One of the goals of science education is for students to learn to “think-like” experts in their discipline. Achieving this goal requires that students not only learn the content knowledge of that discipline but also the epistemology of the discipline, i.e.: the problems and research questions considered important and solvable; the criteria and methods for verification of knowledge claims; the ways of making meaning; and what is counted as knowledge. Just as academic disciplines differ in the subject matter that they teach, they also differ in significant ways regarding the construction, justification, and evaluation of knowledge. The epistemologies of disciplines – i.e. the fact that ecologists “think like” ecologists whereas historians “think like” historians, and these differences are significant and robust – are typically invisible to students. Teaching these differences explicitly not only promotes learning, but also can help students more fully enculturate into a scholarly community.

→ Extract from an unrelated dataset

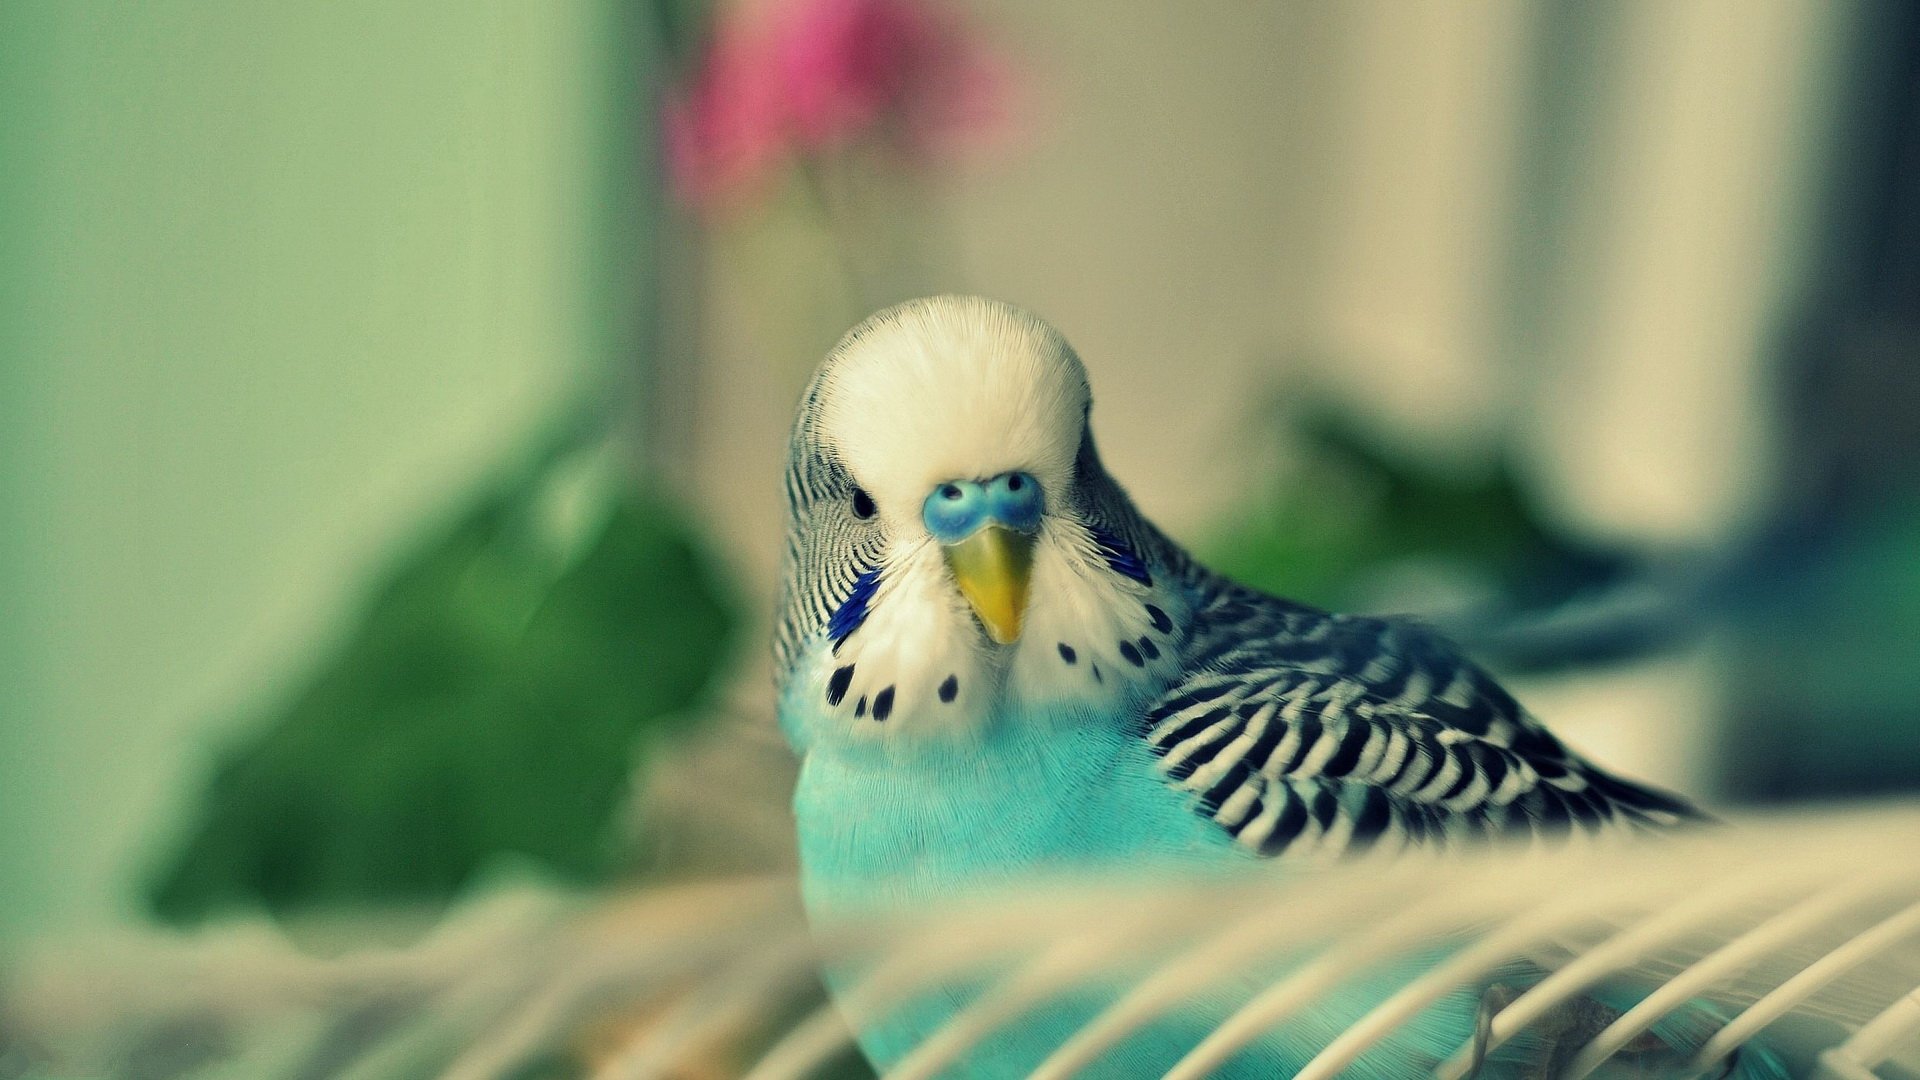 Download hd 1920x1080 Budgerigar PC background ID:32578 for free
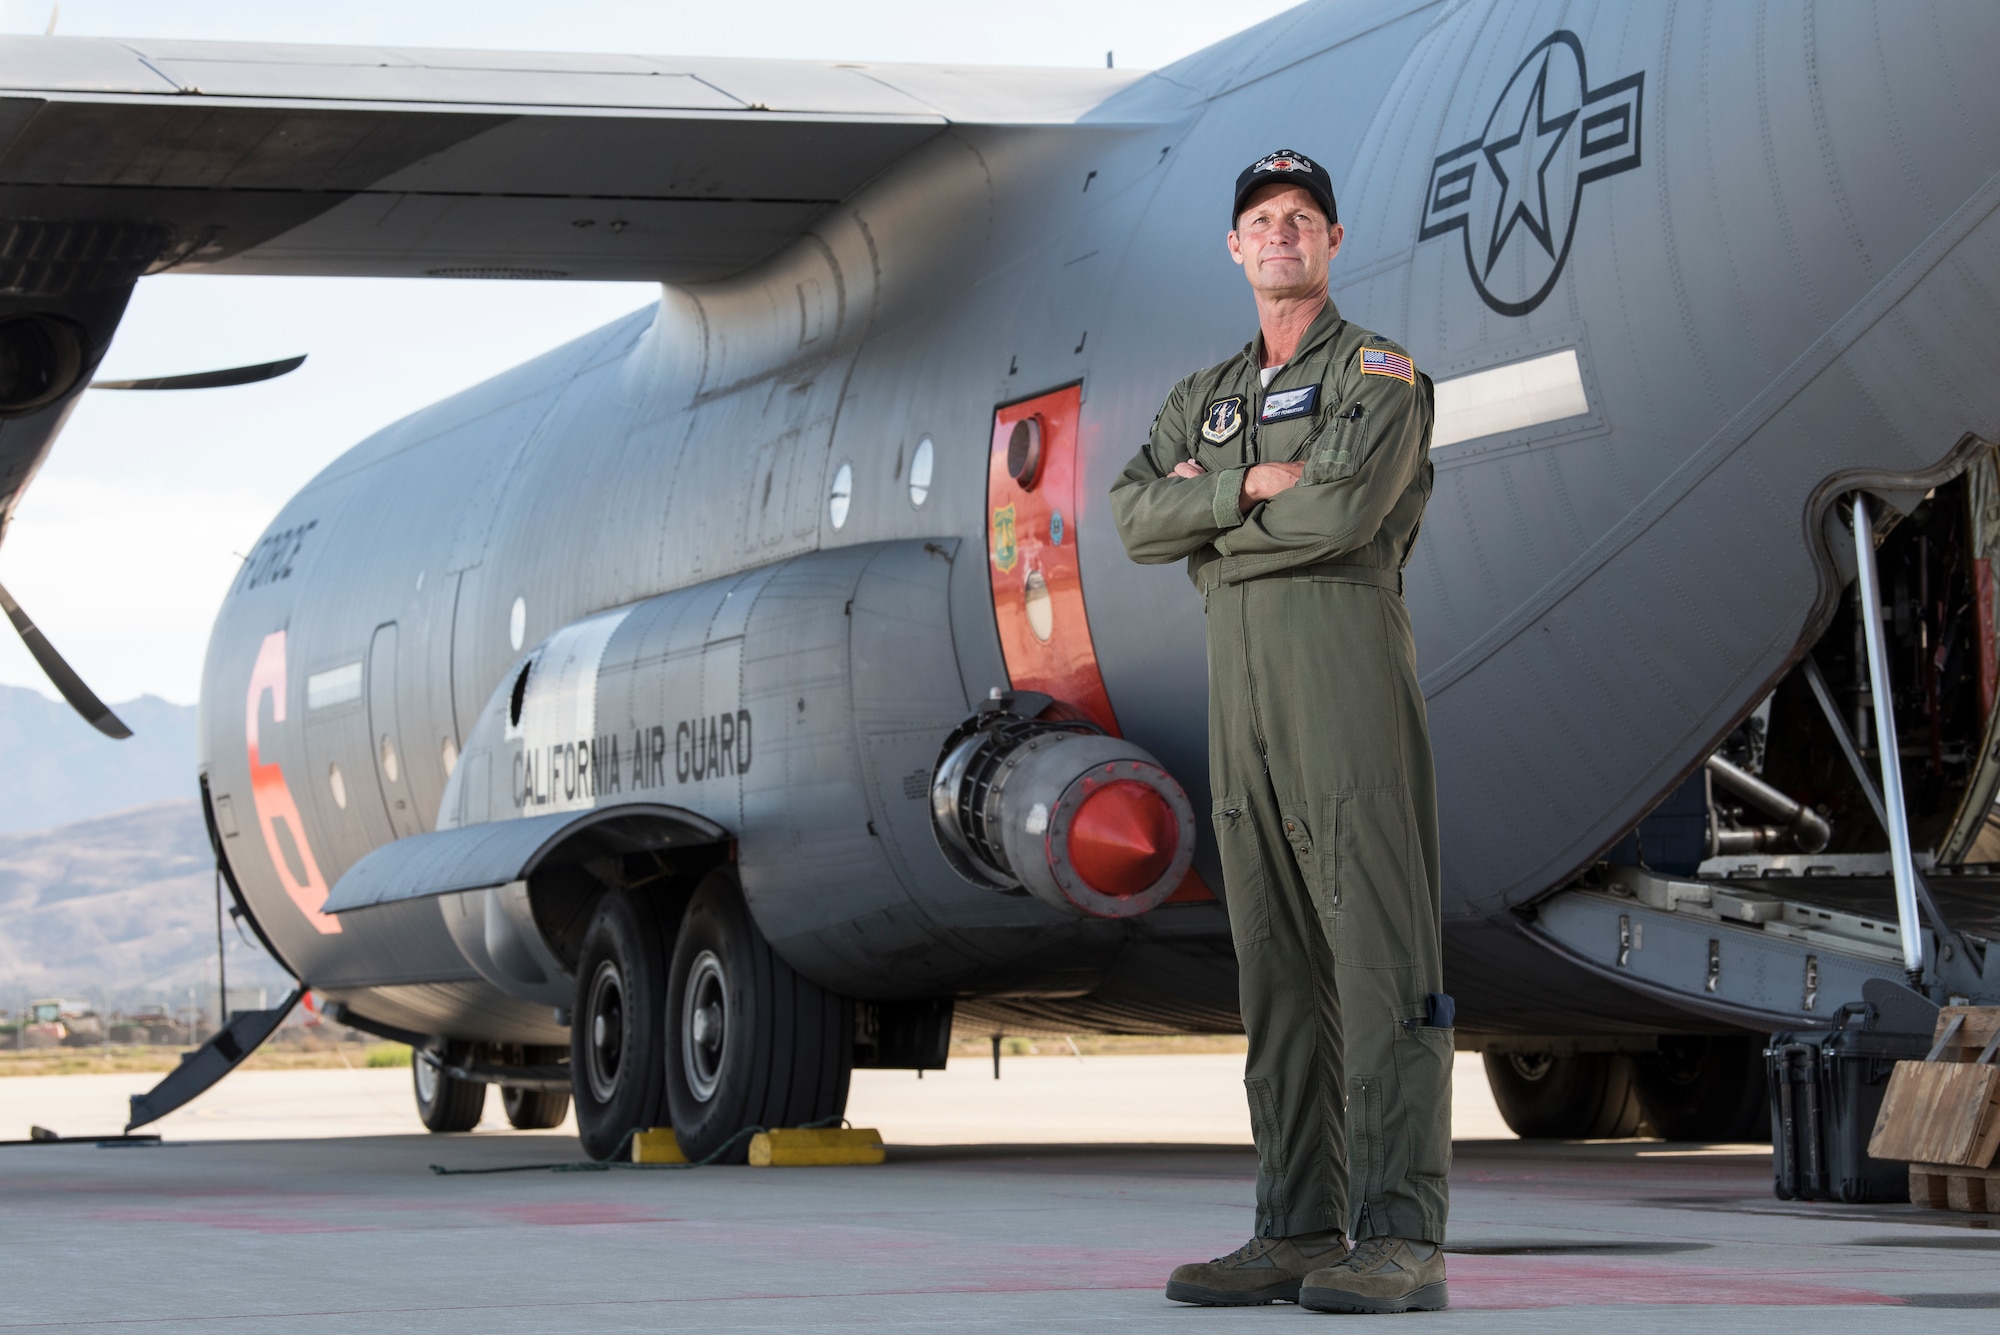 Lt. Col. Scott Pemberton, a C-130J pilot with the 146th Airlift Wing, has been with the 146th for 30 years and has lived in the Ventura/Santa Barbara, California community for about 48.  He has been flying the modular airborne fire fighting system for approximately 20 years. The 146th was activated Dec.5, 2017, to support CAL FIRE with wildfire suppression efforts within the state. (U.S. Air Force photo/Master Sgt. Brian Ferguson)

Writing courses are an ideal place to teach the epistemologies of our disciplines because faculty must make their own epistemic beliefs explicit when unpacking disciplinary-specific communication conventions and reader expectations. Additionally, a capstone thesis-writing course is the ideal testing ground for such a study because our students are already engaged in authentic scientific research and are highly motivated. In this study, we asked the following research questions: (1) Can we promote more sophisticated epistemic stances among our students with a short, in-class epistemology exercise? (2) If so, does this effort improve students’ writing (specifically, their ability to communicate clear science reasoning in their writing)? (3) What other gains do we see as a result of the development of epistemic beliefs?
Results/Conclusions
For students enrolled in these courses, we found significant gains among those who participated in the epistemology exercise (n=103) versus those who didn’t (n=91) in three dimensions: self-efficacy in writing (p=0.001, Cohen’s d effect size = 0.47), self-efficacy in science (p=0.05, Cohen’s d effect size = 0.28), and science reasoning (p=0.03, Cohen’s d effect size = 0.31). We also found a significant shift in epistemic stance – from non-evaluativist to evaluativists – for students who participated in the intervention versus those who didn’t (p=0.03, Cohen’s d effect size = 0.32). Combined, these results suggest that the relatively minimal effort required to implement this exercise offers considerable benefits to students, both in terms of learning gains and also their development as disciplinary scholars.